Task goal:
Leave out the pictures and output exactly the lines below from the one with "X-Men: Days of" down to the one with "It's Important To", both of them included.

Available data:
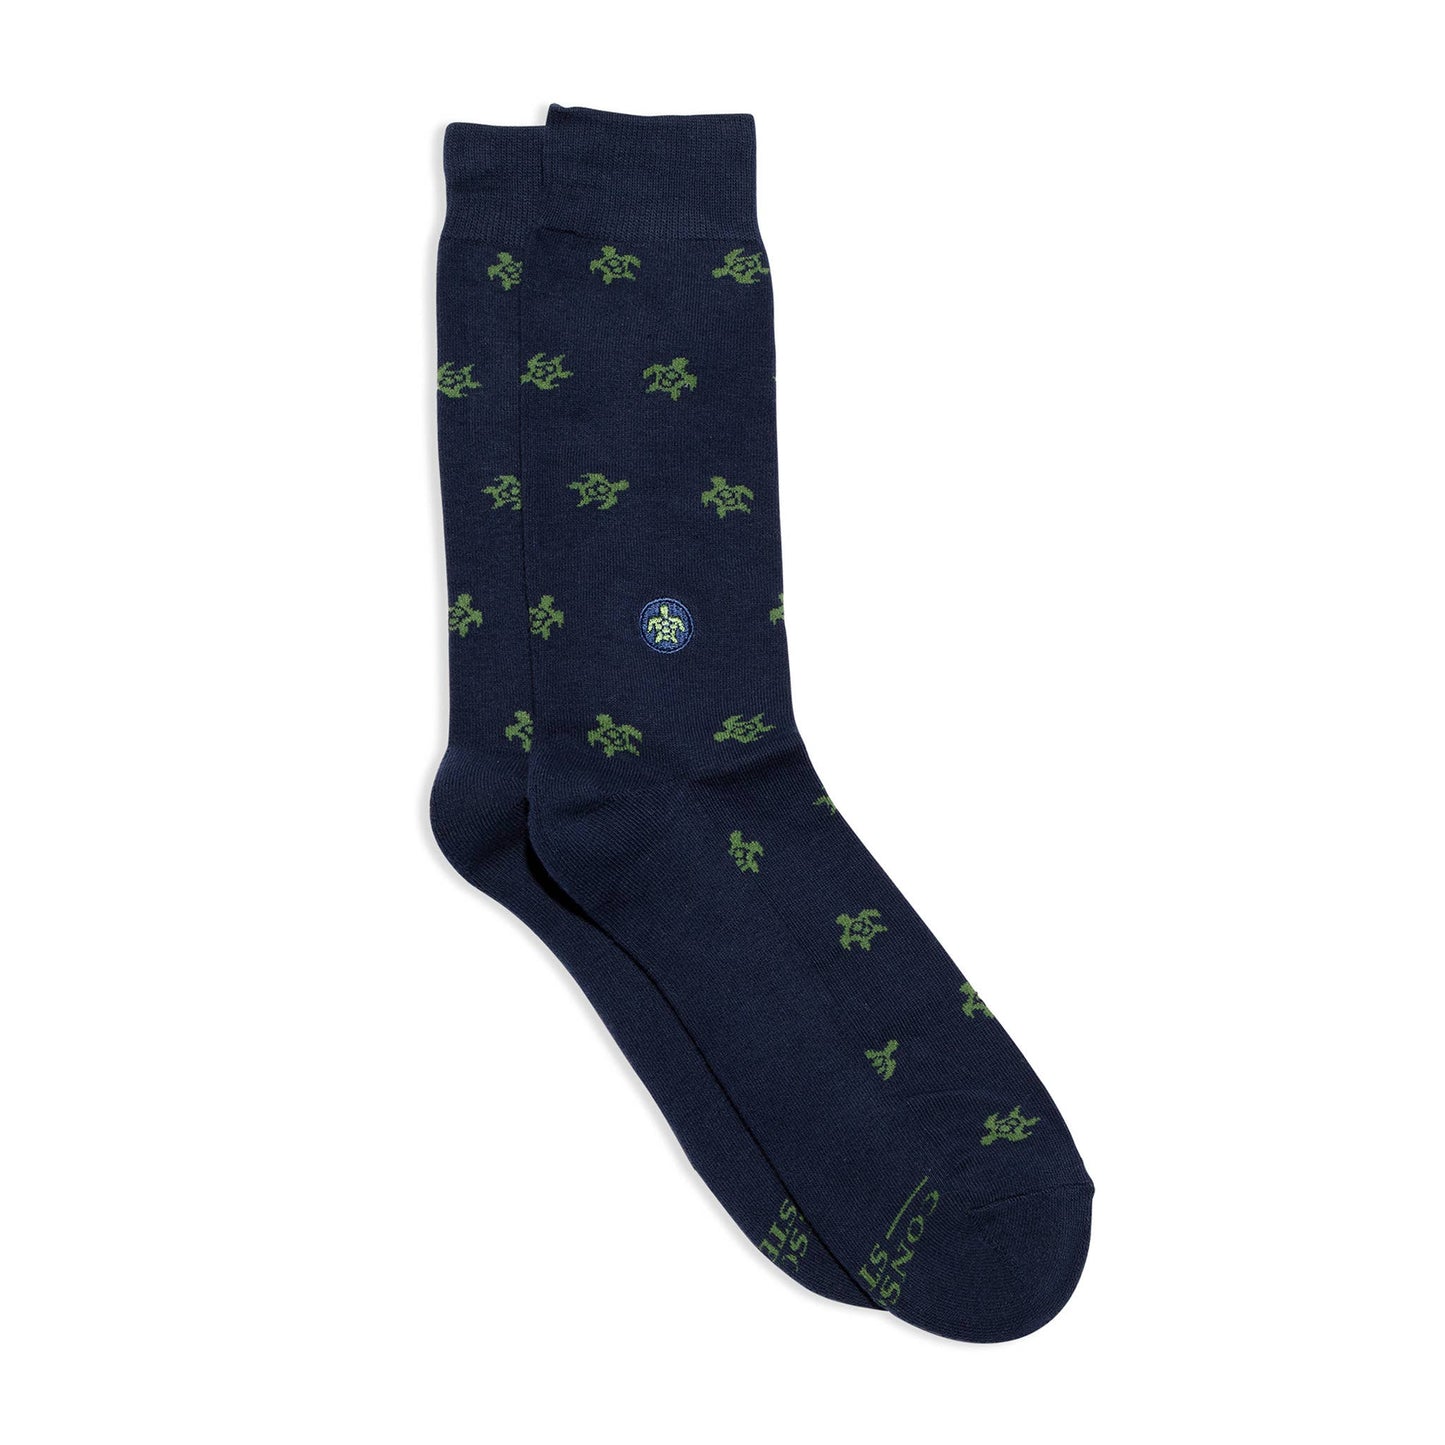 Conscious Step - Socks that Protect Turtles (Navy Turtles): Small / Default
--
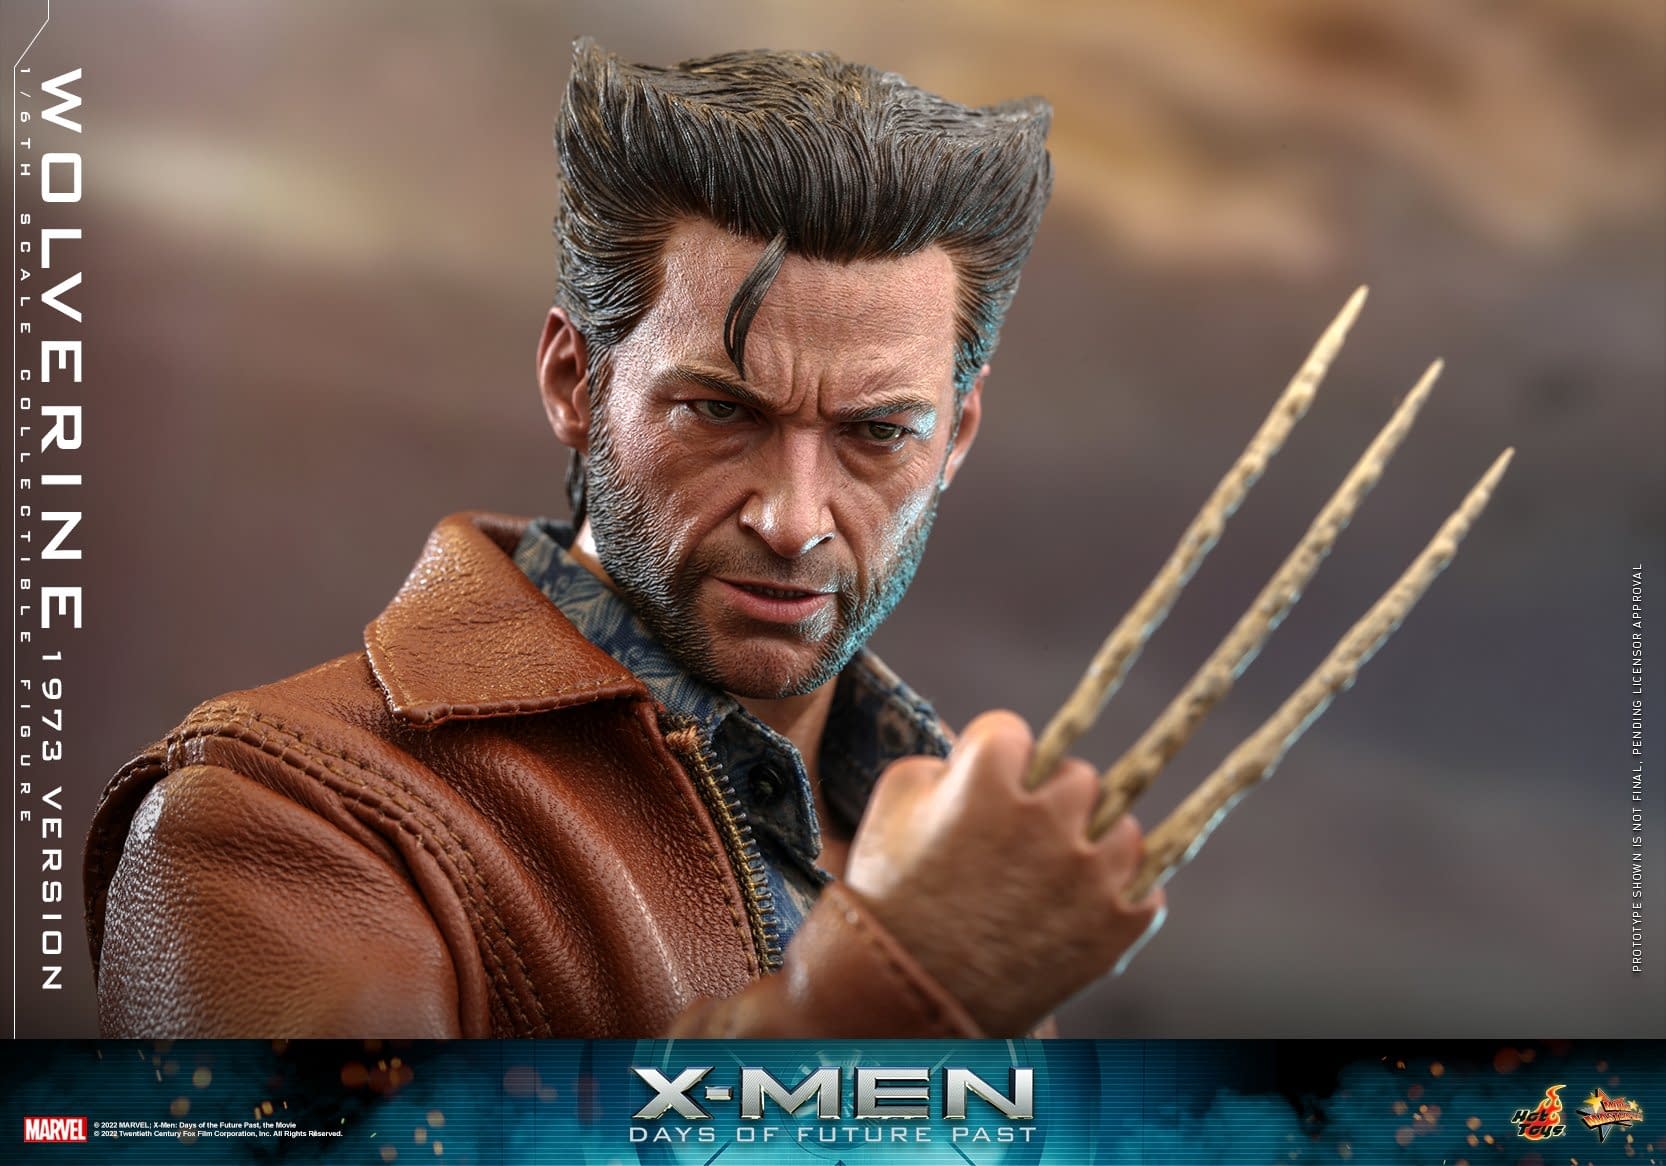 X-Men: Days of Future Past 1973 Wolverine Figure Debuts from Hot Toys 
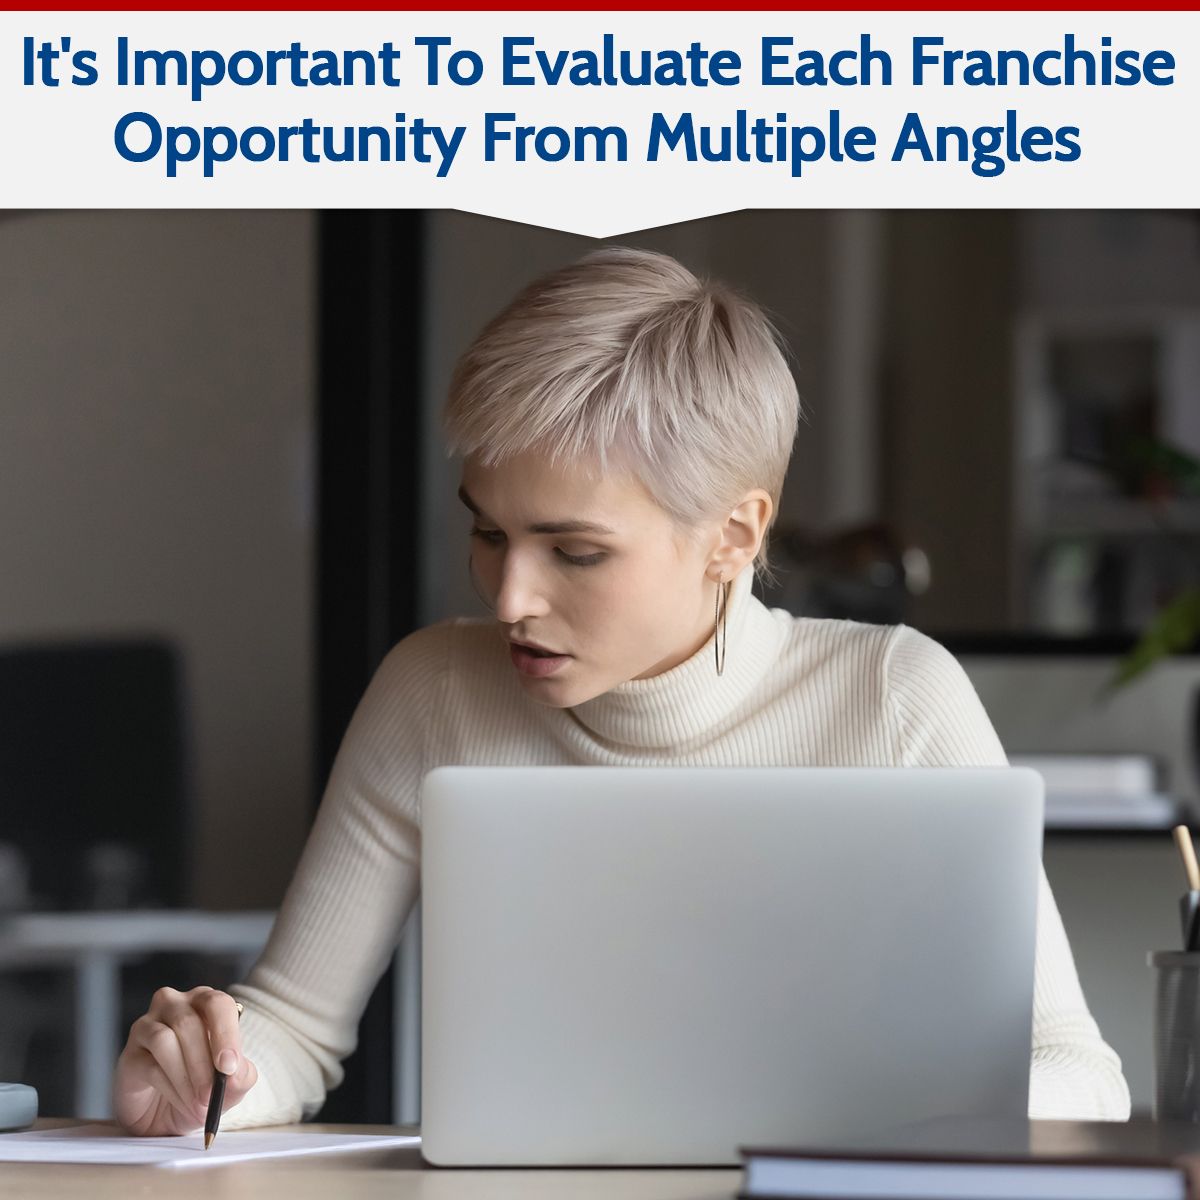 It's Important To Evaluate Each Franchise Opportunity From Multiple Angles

Completed task:
 X-Men: Days of Future Past 1973 Wolverine Figure Debuts from Hot Toys 
 It's Important To Evaluate Each Franchise Opportunity From Multiple Angles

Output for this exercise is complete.